I’ve explained how I arrived at this conclusion in an article on Medium. The super quick explanation is that this number can be calculated, at least approximately, from the antibody tests that New York State conducted in late April, combined with information about New York state’s fatalities from Covid-19. Once we know the approximate IFR, we can bootstrap methods for estimating the number of infections from the number of deaths, and that helps us zero in on the relationship between positive tests and infections.

Positive Tests Do Not Equal Infections

Positive tests and infections are not the same thing. Positive tests are a useful proxy for the number of infections, but they are not the same. This simple concept seems to thwart many of the estimates that are created.

The relationship between positive tests and infections has been shifting over time. Early in the pandemic it appeared that the ratio of infections to positive tests was somewhere between 10:1 and 20:1. Now the ratio appears to be somewhere in the range of 3:1 to 5:1.

Naive CFR

The cornerstone of my estimation approaches has been tracking the changes in Naive CFR, as an indicator of the ratio of infections to positive tests. Naive CFR is calculated as today’s deaths divided by positive tests 14 days earlier. Because deaths lag positive tests, positive tests are a useful leading indicator of future deaths.
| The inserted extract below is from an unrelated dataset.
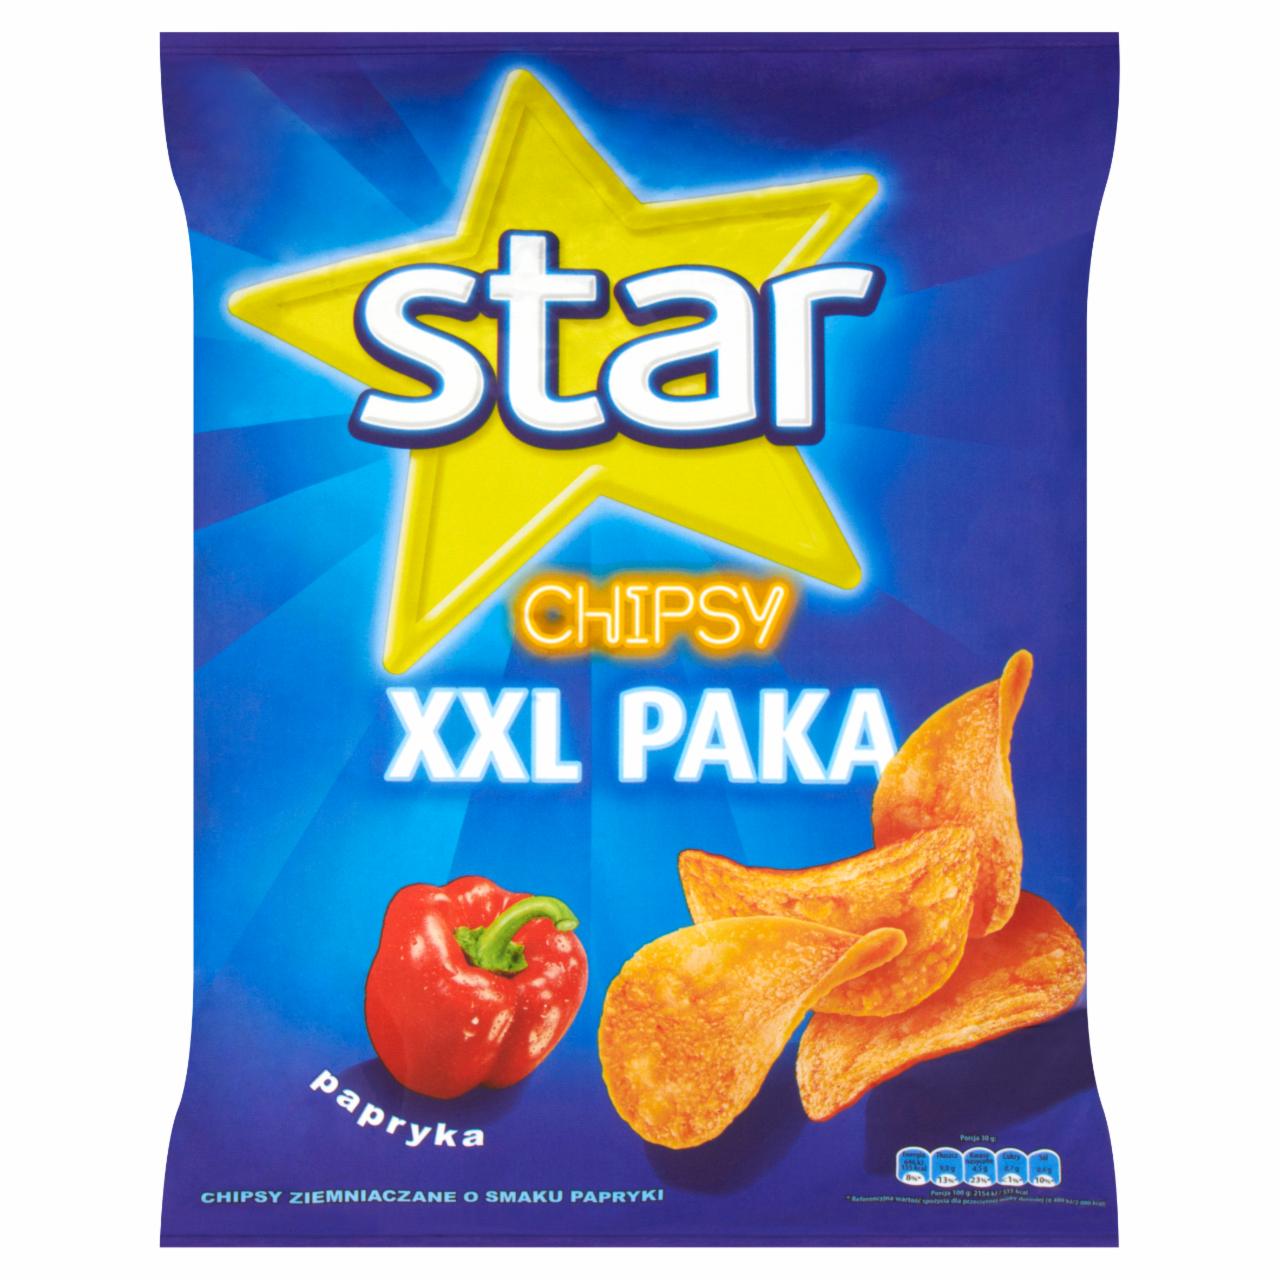 Zdjęcia - Star Chipsy papryka 290 g

I continue to be amazed at the huge inaccuracy of many highly publicized short-term fatality estimates. If you simply took the average naive CFR for the past 7 days and used it to estimate deaths for the next 14 days, based on 14-day-lagging positive tests, you’d create more accurate estimates for deaths over the next 14 days than the vast majority of estimates that have been published.

For my estimates through about August 1, I used the strong correlation between positive test percentage (positivity) and naive CFR. Because we know test positivity when test data is reported, it has been useful as a leading indicator of the death rate, and I’ve used recent positivity along with the number of positive tests to estimate near-term future death rates.

But Naive CFR has dropped prodigiously since the beginning of the pandemic. It started out over 50%, and for a while in early August it dropped as low as 1.4%. As Naive CFR has dropped, positivity has become less useful as a basis for estimating.

The main factor that has changed is that the average age of people being tested has been trending downward. The percentage of people who test positive that are under age 50 is also strongly correlated with naive CFR. The CDC reports that information, but not in a very timely way. It lags about 2 weeks, if it’s published at all.

Updated Estimation Methodology

Because of uncertainty in the positivity model, I’ve reverted back to using multiple estimation methods and comparing the results.

Method 1 – This is similar to the method I just described. It is a curve-fit model that is based on (a) positive test percentage (positivity) and (b) the trend in average age being tested. Both of these factors have high RSQ values vs. Naive CFR, but as the average age trends downward, part (a) of the model becomes less accurate and part (b) becomes more accurate, although neither has been super accurate for the past 5-6 weeks. I’ve also had difficulty finding recent information on ages of people being tested. The main input to this model is positive test cases from 14 days earlier than the date of estimated deaths.

Method 2 – This method is based on a trending of Naive CFR. I take the history of recent Naive CFRs, calculate a trend line, and project that forward. I then apply the estimates of future Naive CFR’s, day by day, to the positive tests from 14 days earlier. The challenge with this approach is deciding which Naive CFR trend to use. The numbers can be fairly different depending on how the trend is calculated. I start with daily smoothed Naive CFRs (based on 7-day smoothing). With that as input, I make one projection based on the one-week arithmetic average Naive CFR, one based on the two-week arithmetic average Naive CFR,  and one based on the arithmetic average of the 7-day and 14-day geometric mean CFRs.

Method 3 – This is the sum of the state estimates.

The composite model is the mean of Method 1, Method 3, and the minimum number from Method 2. This is then fine-tuned on a day-by-day basis to account for a history of day-of-week fluctuations in reporting.